- Uncha Islamabad Location in Uttar Pradesh, India
- Coordinates: 27°03′45″N 79°23′33″E﻿ / ﻿27.06261°N 79.3925°E
- Country: India
- State: Uttar Pradesh
- District: Mainpuri
- Tehsil: Bhongaon

Area
- • Total: 4.58 km^{2} (1.77 sq mi)

Population (2011)
- • Total: 2,990
- • Density: 653/km^{2} (1,690/sq mi)
- Time zone: UTC+5:30 (IST)

= Uncha Islamabad =

Village in Uttar Pradesh, India

Uncha Islamabad is a village in Kishni block of Mainpuri district, Uttar Pradesh, India. As of 2011, it had a total population of 2,990, in 494 households.

== Demographics ==
As of 2011, Uncha Islamabad had a population of 2,990, in 494 households. This population was 54.9% male (1,643) and 45.1% female (1,347). The 0-6 age group numbered 488 (266 male and 222 female), or 16.3% of the total population. 1,243 residents were members of Scheduled Castes, or 41.6% of the total.

The 1981 census recorded Uncha Islamabad as having a population of 2,089 people, in 346 households.

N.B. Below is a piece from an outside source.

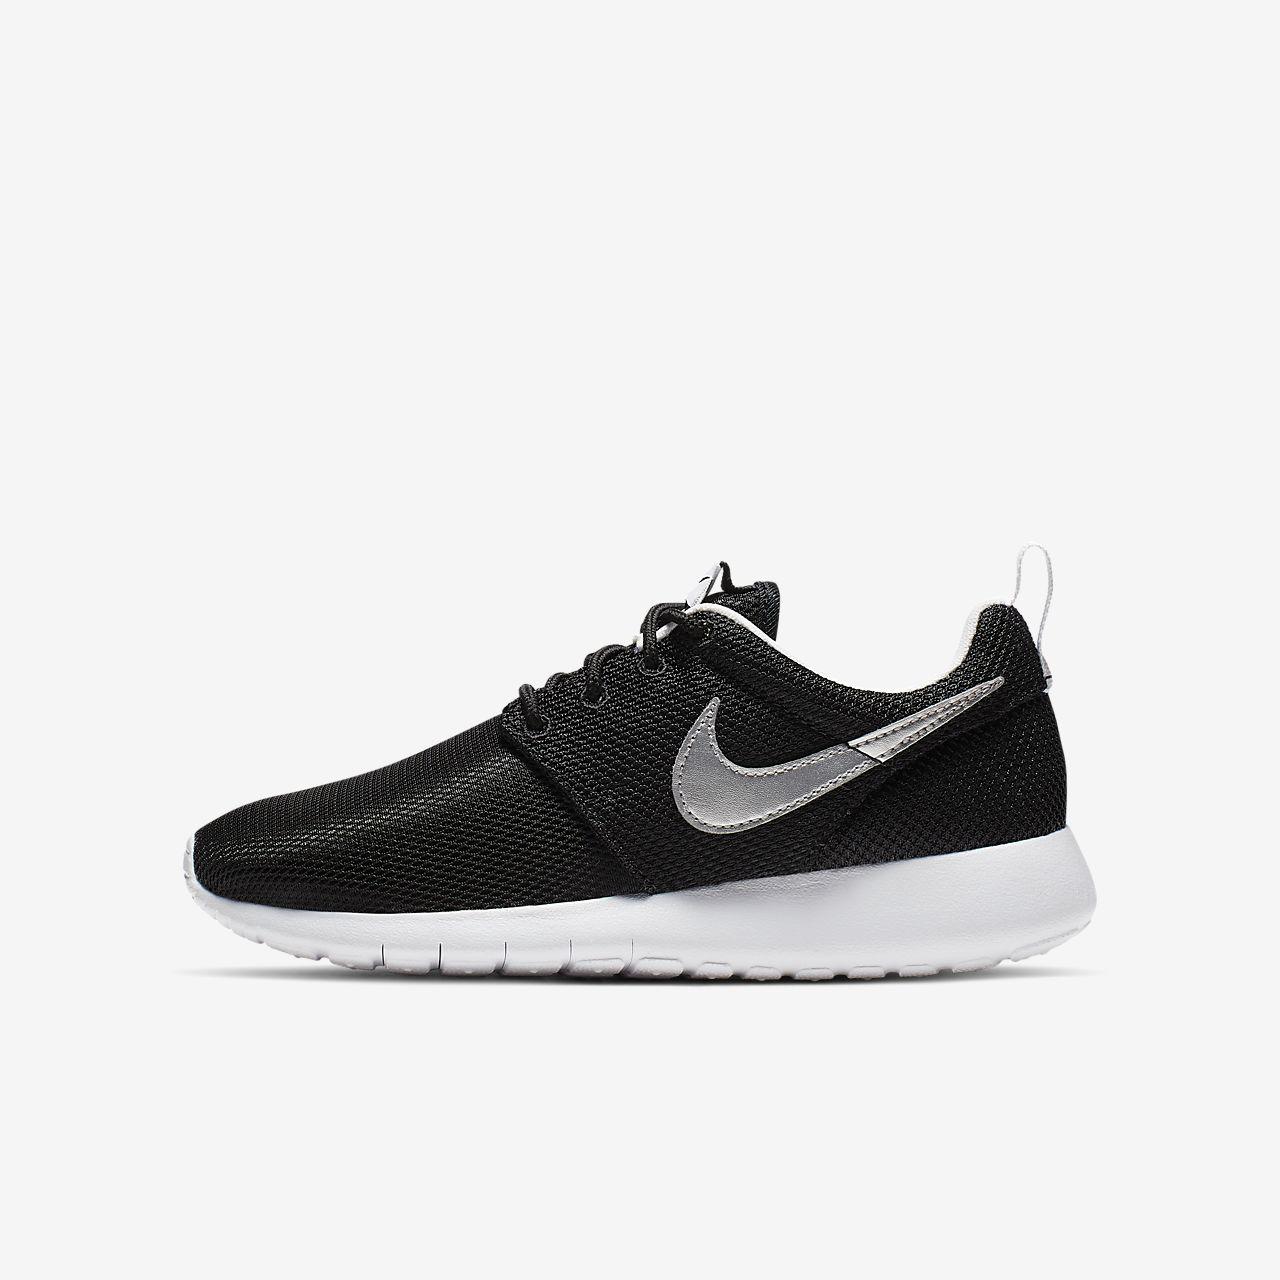 ... Nike Roshe One Older Kids' Shoe

The 1961 census recorded Uncha Islamabad as comprising 5 hamlets, with a total population of 1,368 people (771 male and 597 female), in 262 households and 124 physical houses. The area of the village was given as 1,157 acres.

== Infrastructure ==
As of 2011, Uncha Islamabad had 1 primary school; it did not have any healthcare facilities. Drinking water was provided by tap, hand pump, and tube well; there were no public toilets. The village had a post office and public library, as well as at least some access to electricity for residential and agricultural purposes. Streets were made of kachcha materials.